-- Opening Marker --

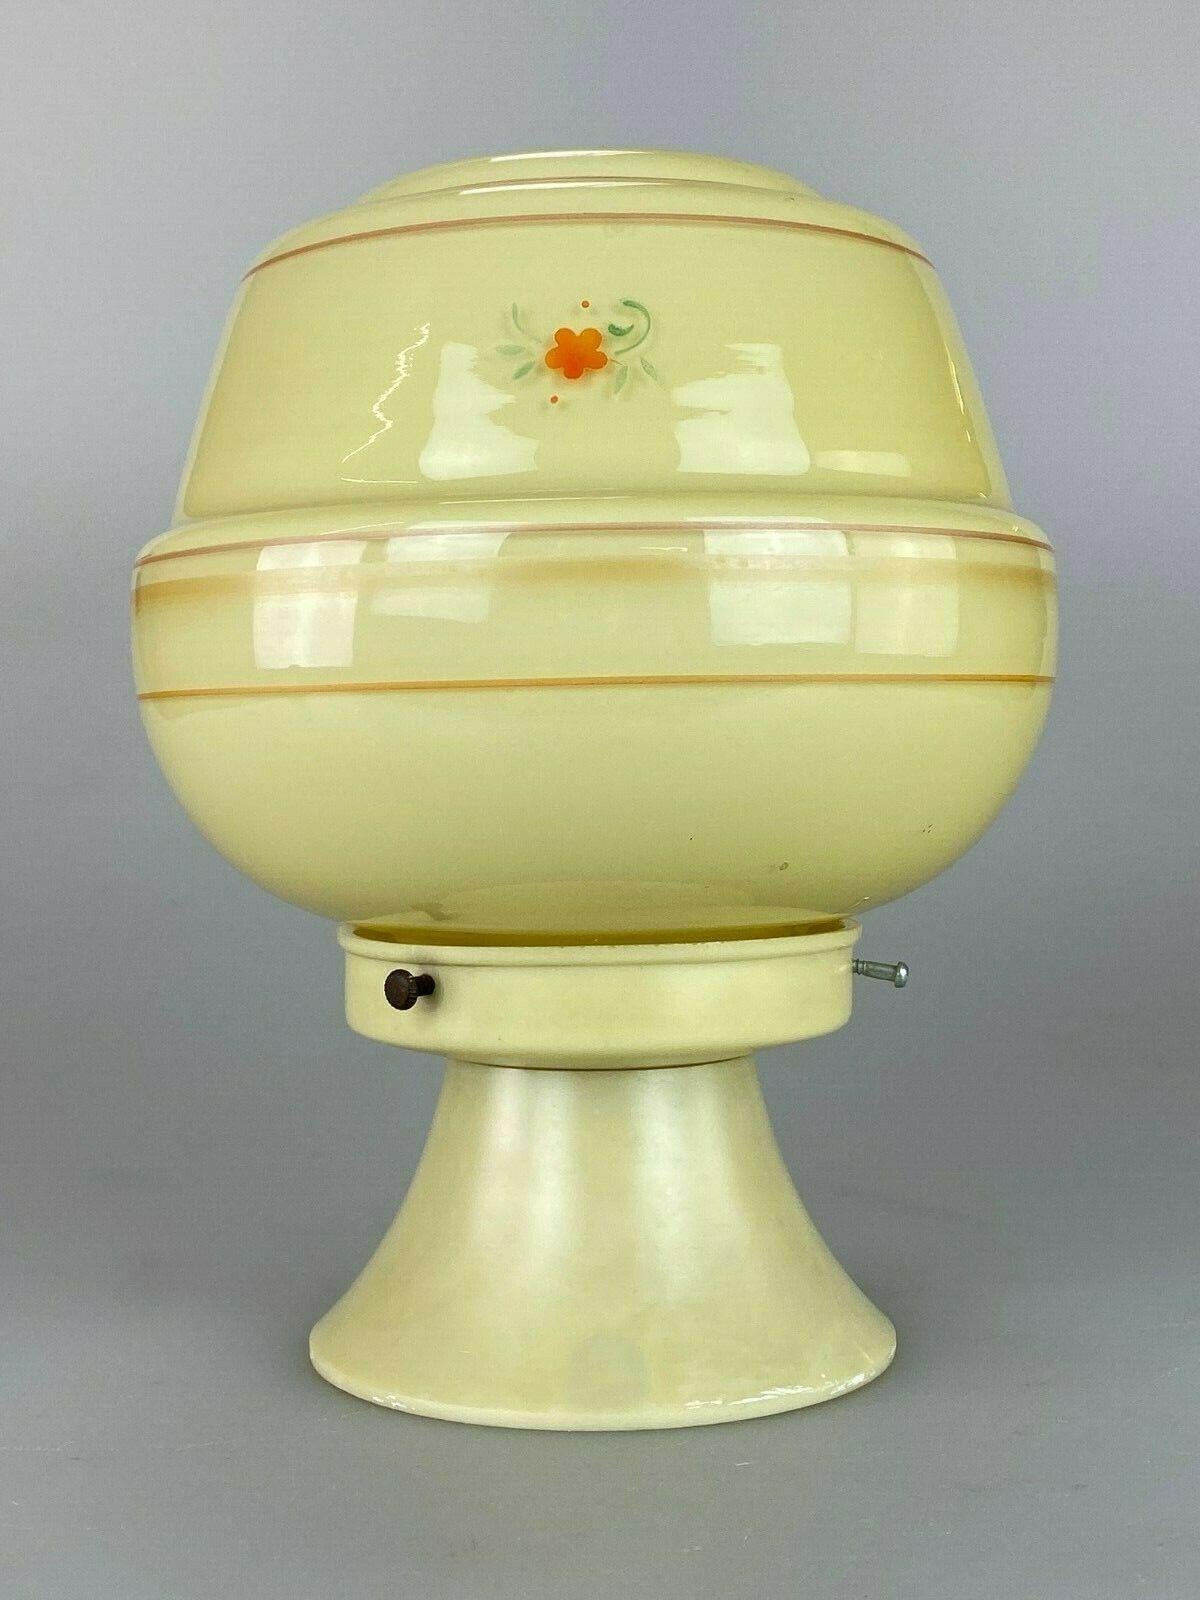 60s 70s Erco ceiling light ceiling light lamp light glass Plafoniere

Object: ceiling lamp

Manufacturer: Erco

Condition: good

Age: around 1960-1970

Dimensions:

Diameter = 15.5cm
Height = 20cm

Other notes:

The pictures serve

-- Closing Marker --

=== WHAT TO WORK ON ===
Starting from the line that contains "Condition: good", transcribe each line to the end of the records above. Please add nothing.

=== SOLUTION TO THIS PROBLEM ===
Condition: good

Age: around 1960-1970

Dimensions:

Diameter = 15.5cm
Height = 20cm

Other notes:

The pictures serve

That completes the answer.